Каждый день после работы руровцев «гоняли» за дровами «для себя», как говорило начальство. Впрочем, гоняли и забойные бригады. Поездки на санях, где проволочные лямки устраивались для людей – проволочные петли, куда можно просунуть голову и плечи, поправить лямку и тащить, тащить. Сани надо было втащить на гору километра за четыре, где были штабеля заготовленного летом стланика – черного горбатого легкого стланика. Сани нагружались и пускались прямо с горы. На сани садились блатари – те, которые сохранили еще силы, – и, хохоча, съезжали с горы. А мы – сползали, не имея сил сбегать. Но скользили быстро, цепляясь за замороженные, обломанные ветки тальника или ольхи, тормозясь. Это было радостно – день кончался.

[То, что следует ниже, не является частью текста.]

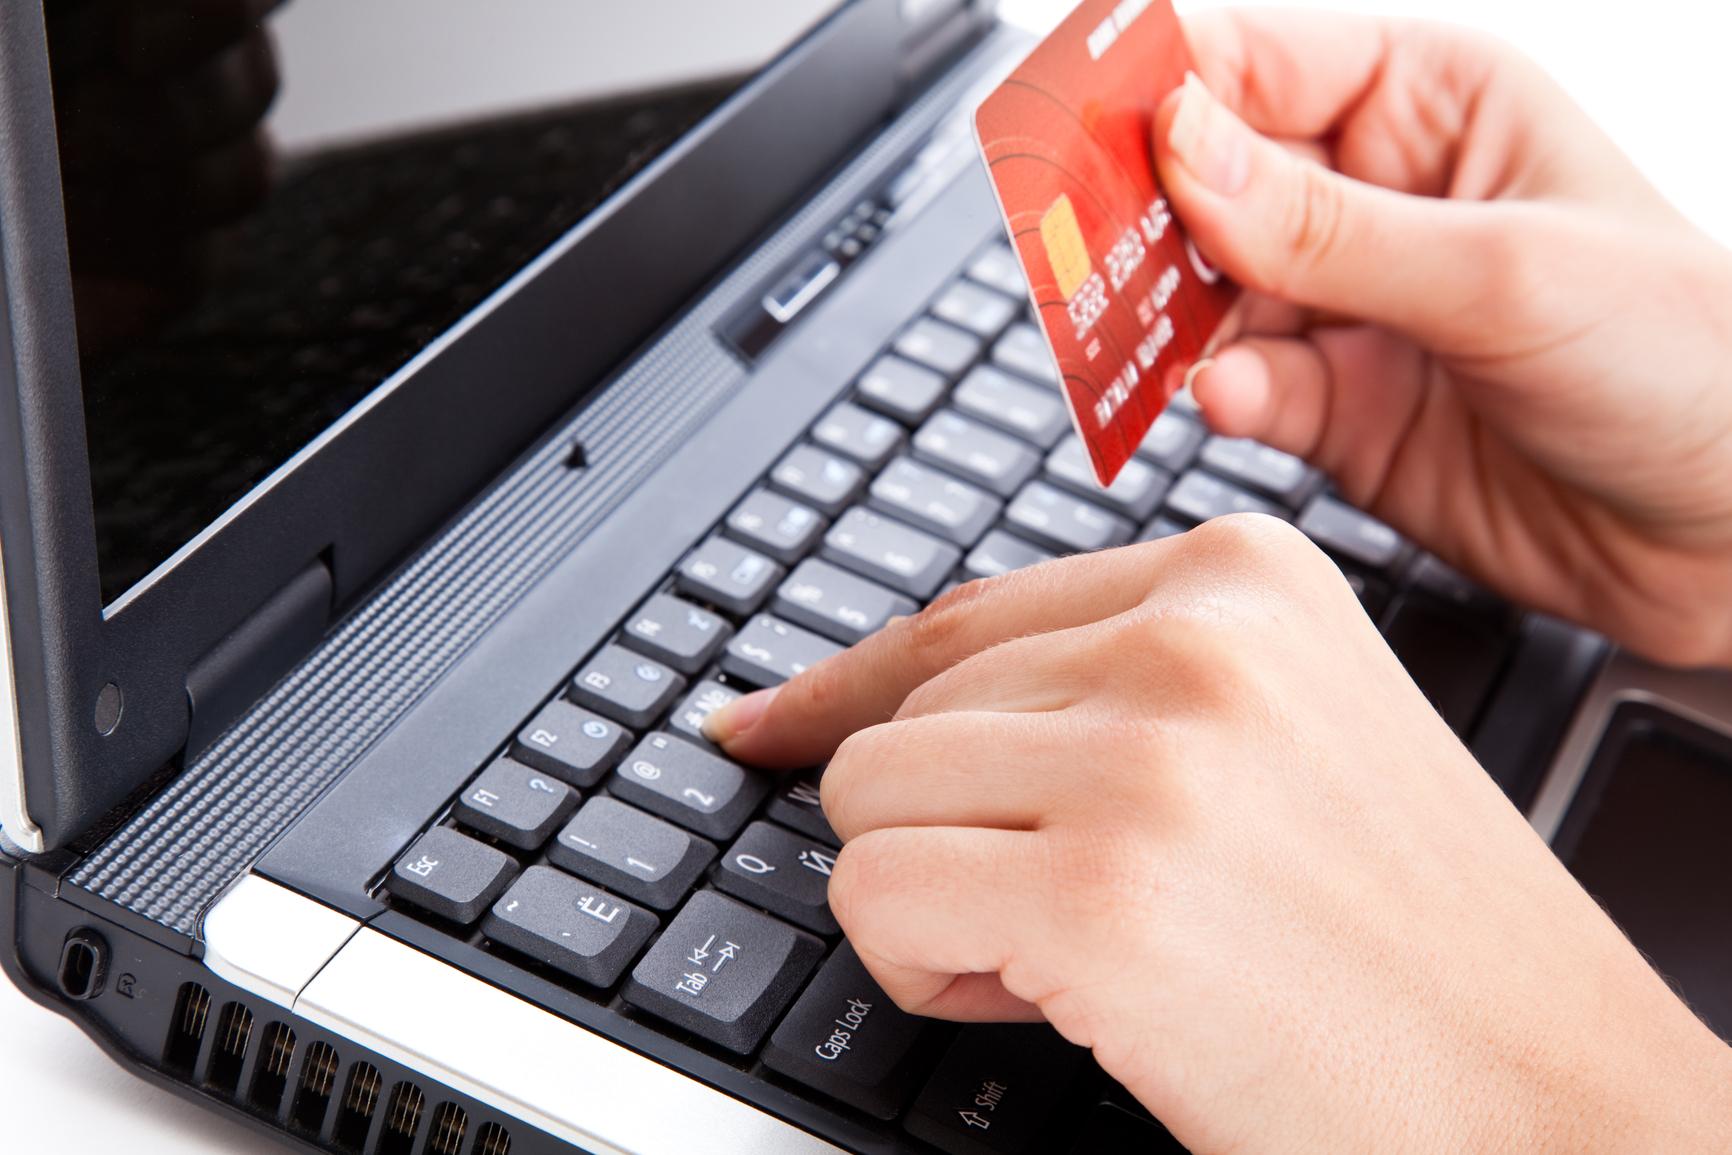 Как погасить кредит с карточки Каспи Голд через интернет

Дрова, штабеля стланика, укрытые снегом, приходилось искать все дальше с каждым днем, но мы не ворчали – поездка за дровами была чем-то вроде удара в рельс или звуком сирены – сигналом на еду, на сон.
Мы сгрузили дрова и радостно начали строиться.
– Кру-гом!
Никто не повернулся. В глазах у всех я увидел смертную тоску, неуверенность людей, которые не верят в удачу – их всегда обсчитывают, обманывают, обмеряют. И хоть дрова – это не камень, сани – не тачки…
– Кру-гом!
Никто не повернулся. Арестант чрезвычайно чувствителен к нарушениям обещания, хотя, казалось бы, о какой справедливости могла бы идти речь.
Из двери барака охраны на крыльцо выбрались два человека – начальник лагеря, лейтенант постарше, и начальник отряда охраны – лейтенант помоложе. Нет хуже, когда два начальника примерно равного чина творят рядом, на глазах друг у друга. Все человеческое в них замирает, и каждый хочет проявить «бдительность», не «выказать слабости», выполнить приказ государства.
– Впрягайтесь в сани.
Никто не повернулся.
– Да это организованное выступление!
– Диверсия!
– Не пойдете по-хорошему?
– Не надо нам вашего хорошего.
– Кто это сказал? Выйди!
Никто не вышел.
По команде из барака охраны выбежали еще несколько конвоиров и окружили нас, увязая в снегу, щелкая затворами винтовок, задыхаясь от злобы на людей, лишивших конвоиров отдыха, смены, расписания службы.
– Ложись!
Легли в снег.
– Вставай!
Встали.
– Ложись!
Легли.
– Вставай!
Встали.
– Ложись!
Легли.
Этот несложный ритм я уловил легко. И хорошо помню: было не холодно и не жарко. Будто все это делали не со мной.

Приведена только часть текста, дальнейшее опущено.